WHAT TO WORK ON: Write the full listing out again, word for word, but omit the pictures.

DATA PROVIDED:
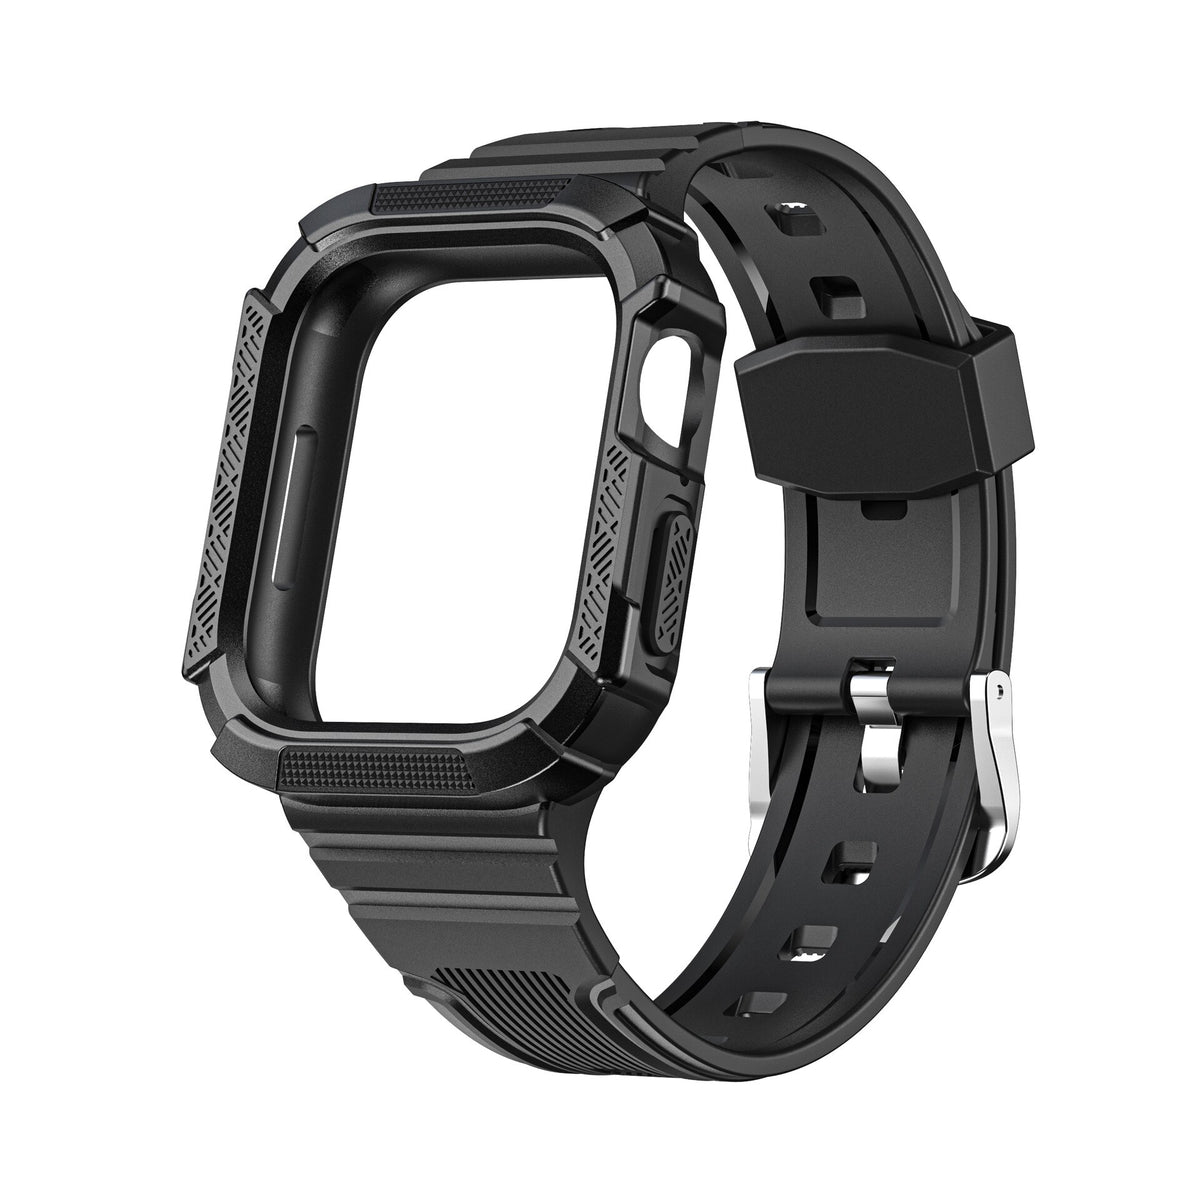 Sport Clear Apple Watch Band+Case
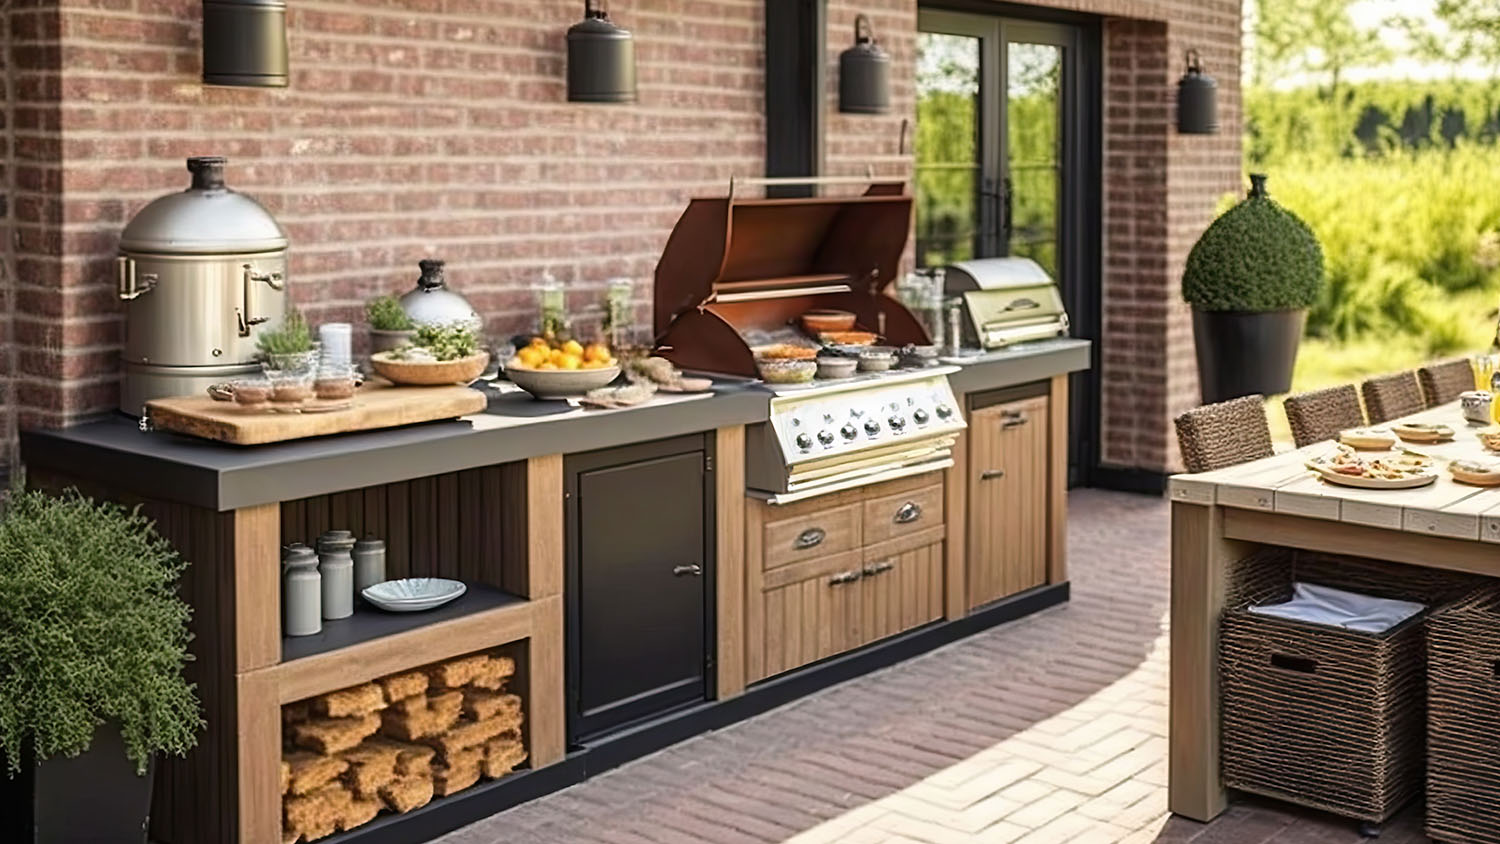 An outdoor kitchen in the backyard of a house
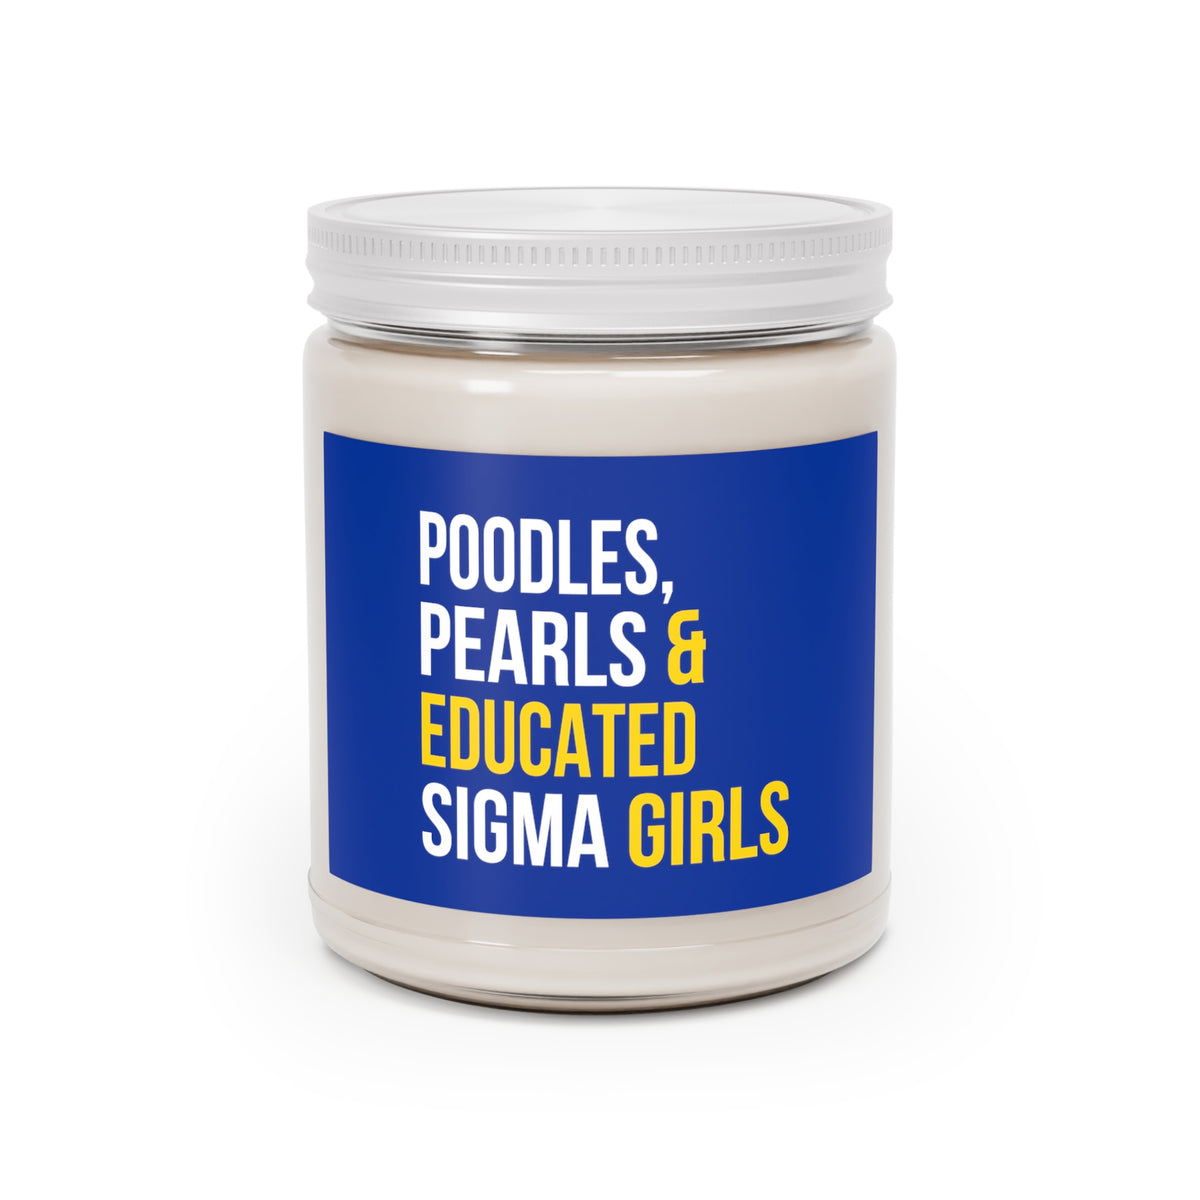 Poodles Pearls & Educated Sigma Girls Scented Candles

EXERCISE RESULT:
 Sport Clear Apple Watch Band+Case
 An outdoor kitchen in the backyard of a house
 Poodles Pearls & Educated Sigma Girls Scented Candles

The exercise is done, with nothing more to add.